1. The problem statement, all variables and given/known data

Two cars are at the start lines of two roads at right angles to each other and pointing to the intersection 500 metres away. Car A starts from rest with uniform accelereation of 0.5m/s2 and accelerates for 20 seconds. It then continues at the speed reached. Car B starts 5 seconds later and 20 metres further away with an acceleration of 0.7m/s2.
Calculate wrt the start time of Car A:

a) Time taken for B and A to be the same distance from the cross-road.

b) The distance from the cross roads at the above time

c) The average velocity of Car A at this distance.

2. Relevant equations

v=u+at
v2=u2+2as

3. The attempt at a solution

First i used v=u+at and plugged the results into a table showing velocity against time for car A and B, for upto 60 seconds at ten second intervals.
Then i transposed the second equation for s to work out the distance s=v2-u2$$/2a$$ for car a and s=(v2-u2$$/2a$$)-20 for car B.
This was then plugged into a second table showing distance against time.
From this table it was deduced that the area of interest was between 50 and 60 seconds.
I carried on with this process until i narrowed it down.
The answer i got for a) was 57.67 seconds.
b) was just working the time back through the previous equations which gave 23.3m (500-476.7).
c) i calculated change in distance over change in time: 476.7/57.67 = 8.267m/s2

However, this was time consuming and i am wondering if there was a simpler way to tackle this(if indeed the above solution is correct!), possibly as a simultaneous equation?

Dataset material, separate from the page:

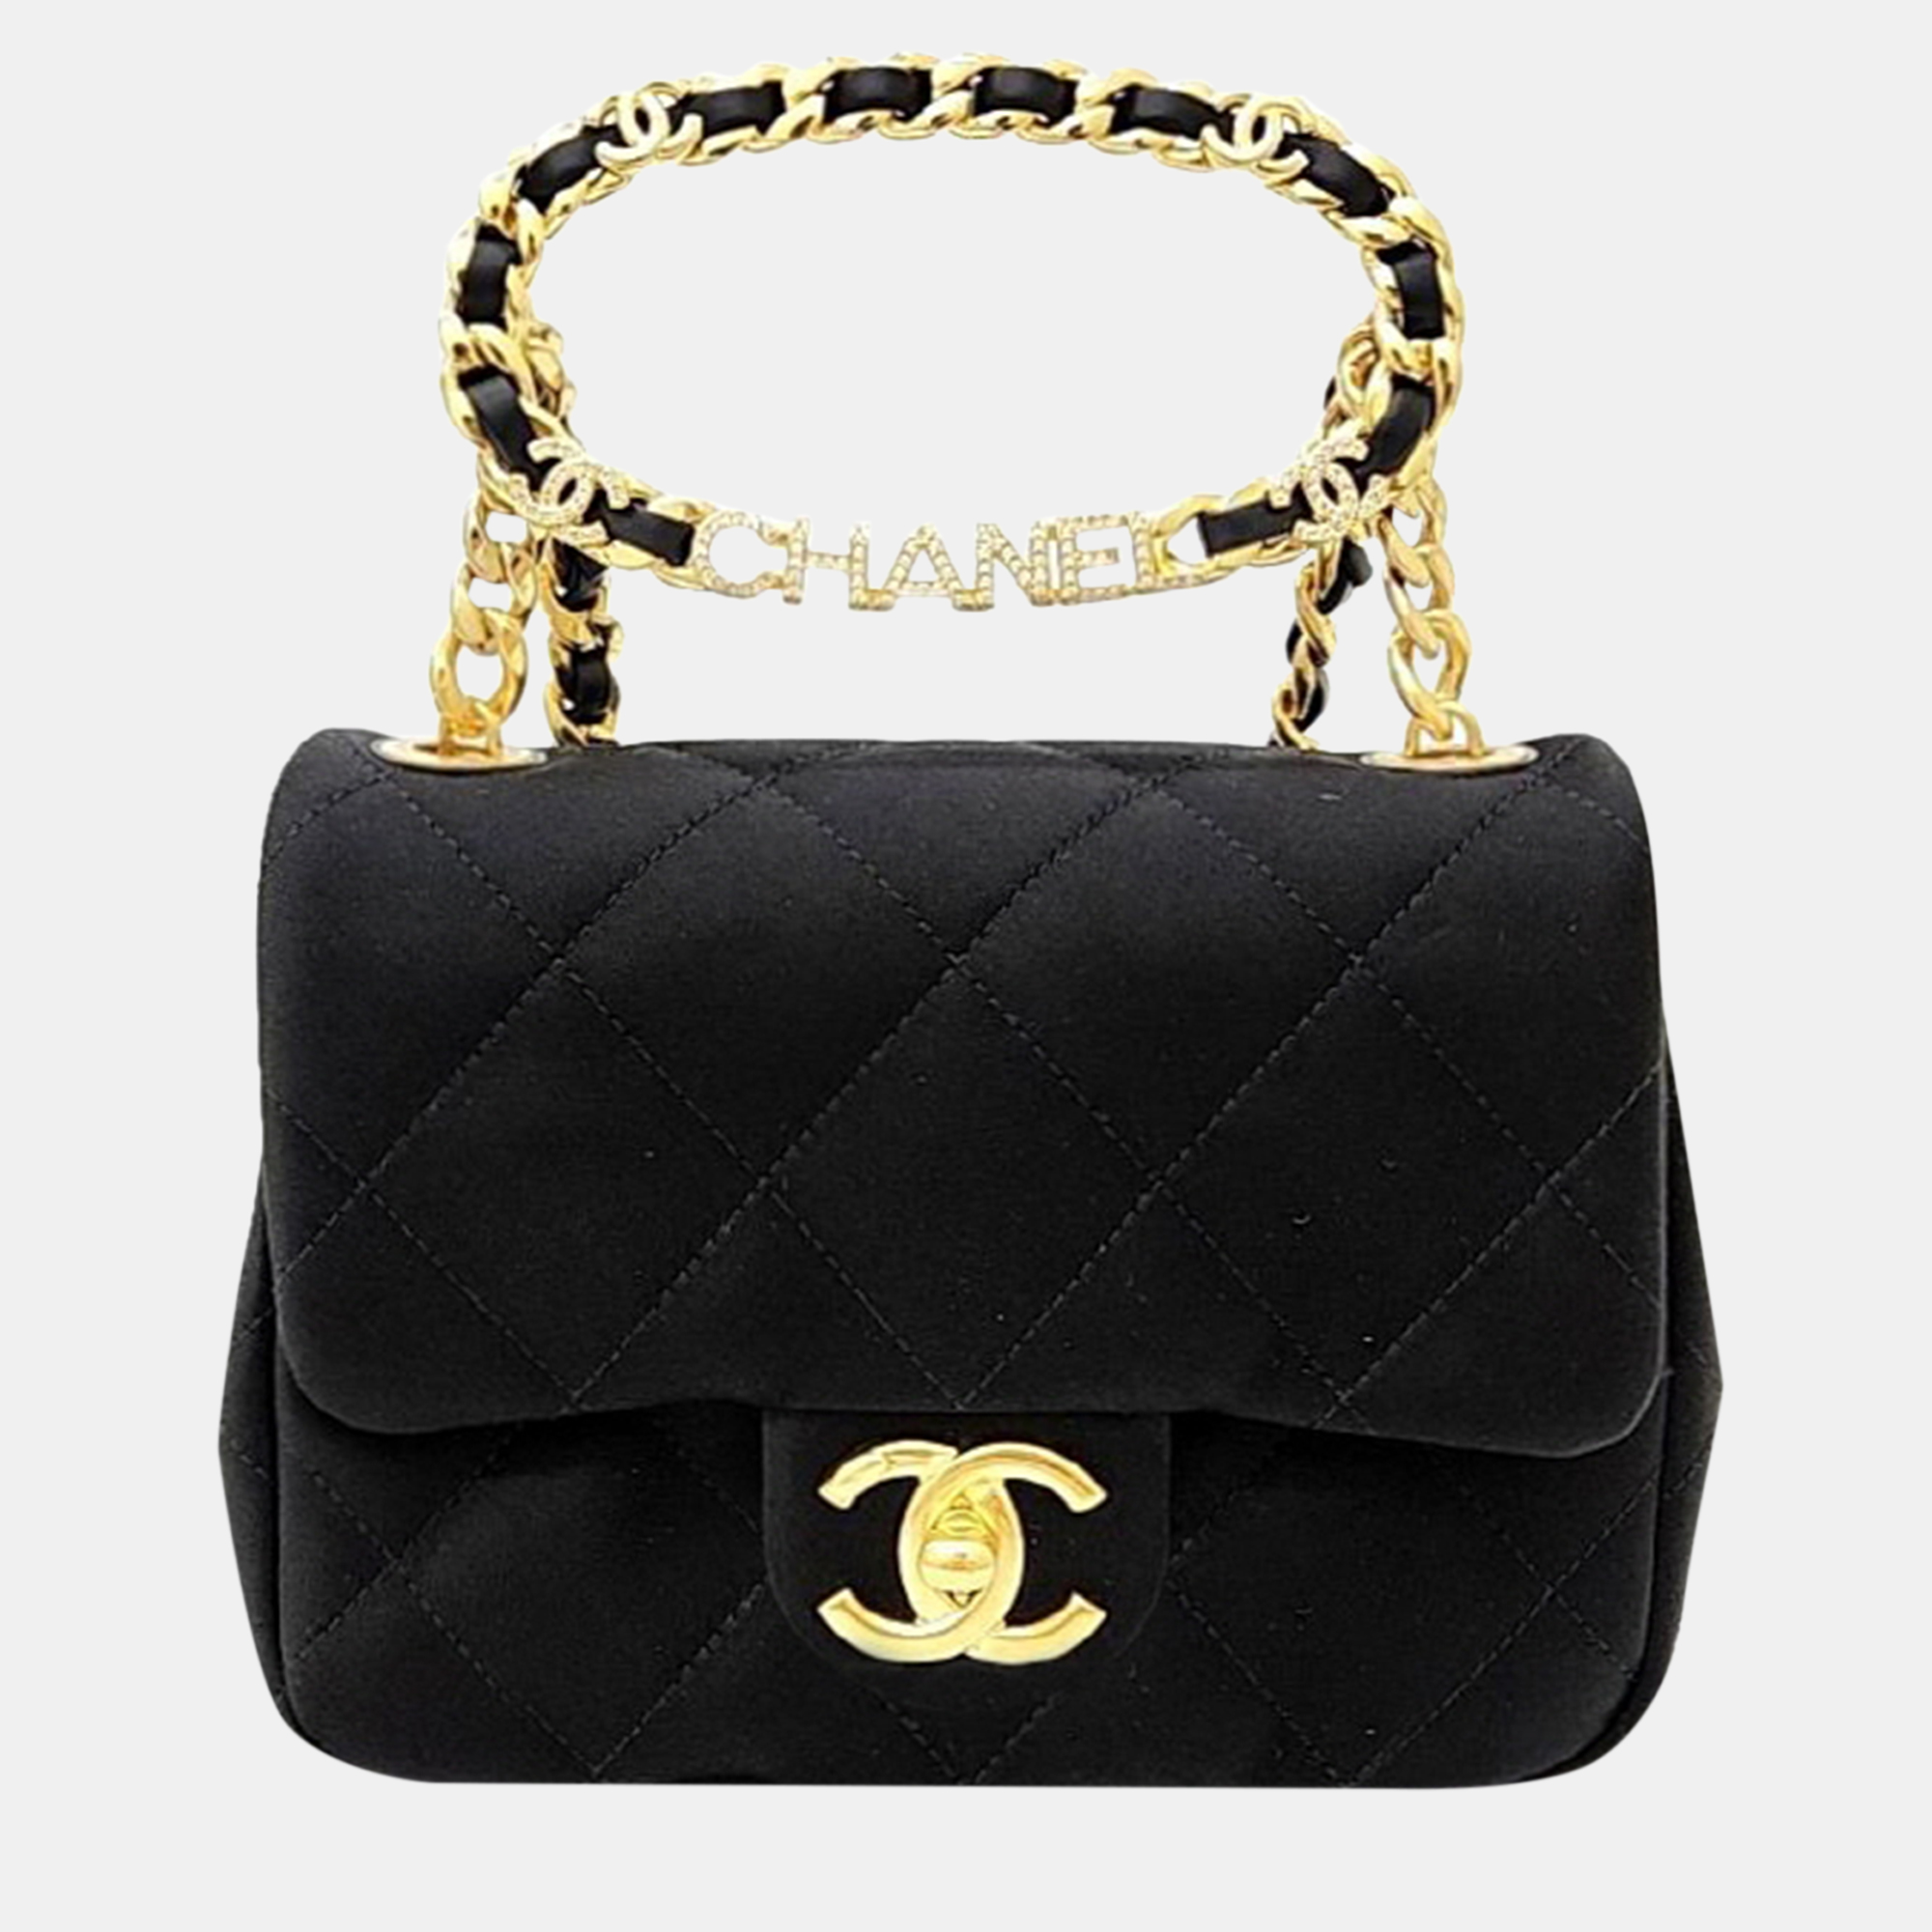 Chanel Black Leather Top Handle Mini Flap Bag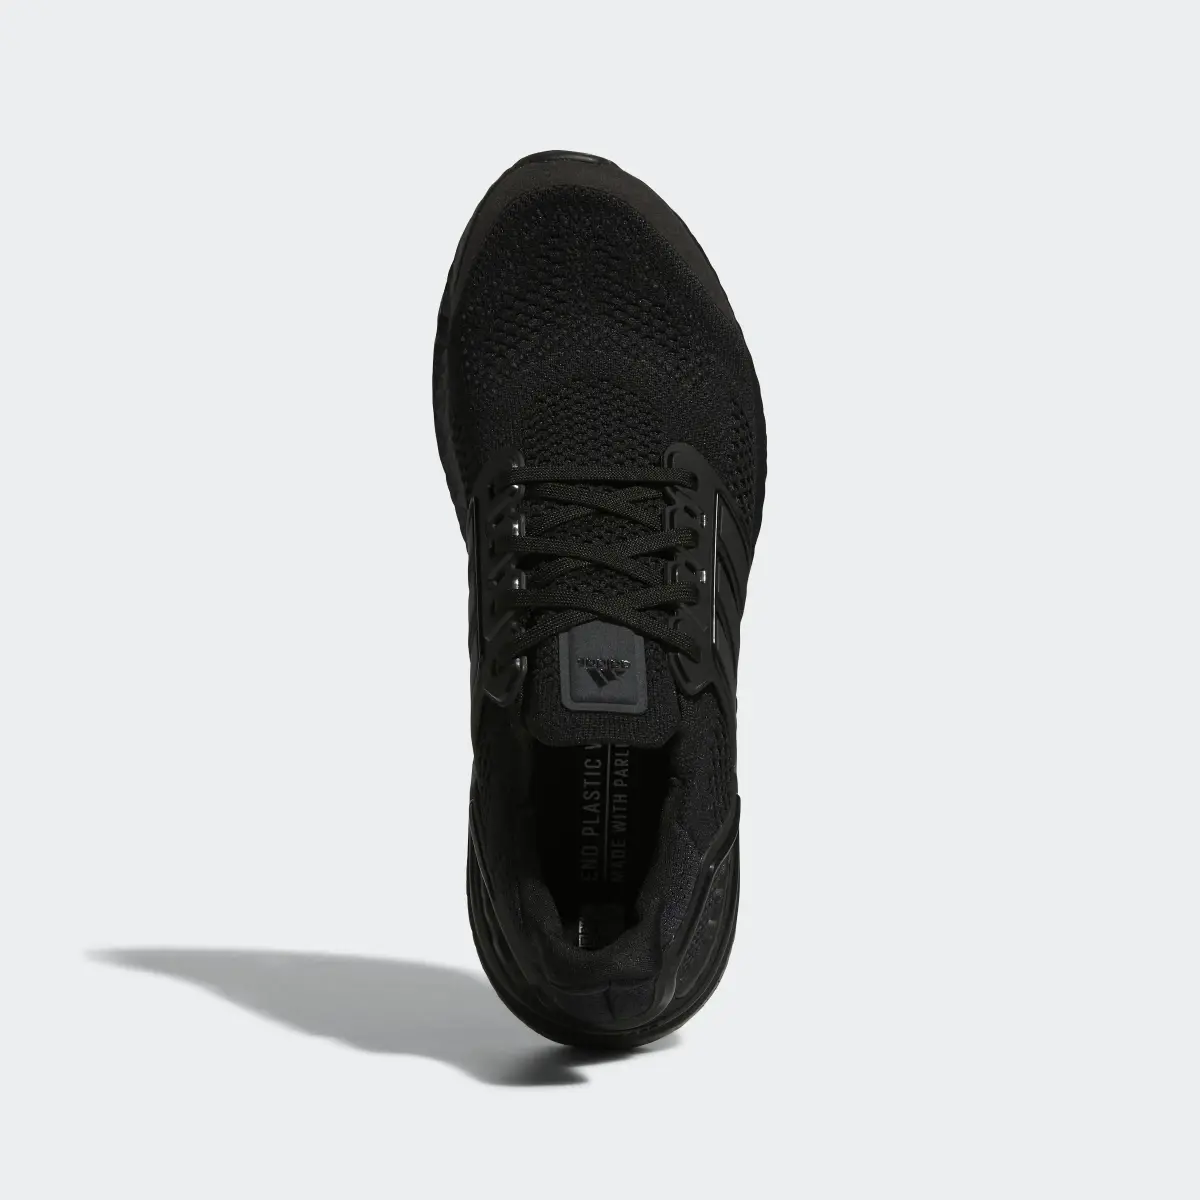 Adidas Ultraboost 19.5 DNA Running Sportswear Lifestyle Shoes. 3

Any help is greatly appreciated.
1. The problem statement, all variables and given/known data

2. Relevant equations

3. The attempt at a solution

2. Oct 14, 2009

### ideasrule

Rest assured that you don't need to use tables for any physics problem. When the two cars are at the same distance from the cross-road, two things are the same for both cars: distance travelled and time taken. Which equation relates distance, acceleration, and time? Start there.

3. Oct 14, 2009

### Delphi51

Your method looks pretty good. I did it a different way and got a different answer! Kind of complicated and easy to make a little mistake, which I have a habit of doing.
For car A I did the first 20 seconds as v = at = .5*20 = 10
d = .5*a*t^2 = 100 m
Then for times larger than 20 we have d = 100 + vt = 100+10(t-20)

For car B, d = do + vi*t + .5*a*t^2
d = -20 +.5*.7*(t-5)^2

for (a) I set the two distance equations equal, collected like terms and got this quadratic: .35*t^2 - 13.5*t + 88.75 = 0
It has two solutions, one less than 20 so no good, and t = 30.17 s
I checked the distances at that time and they are equal (if my equations are correct!).

4. Oct 14, 2009

### andysmax

Car B starts 20 m further away. That's why i went the table route.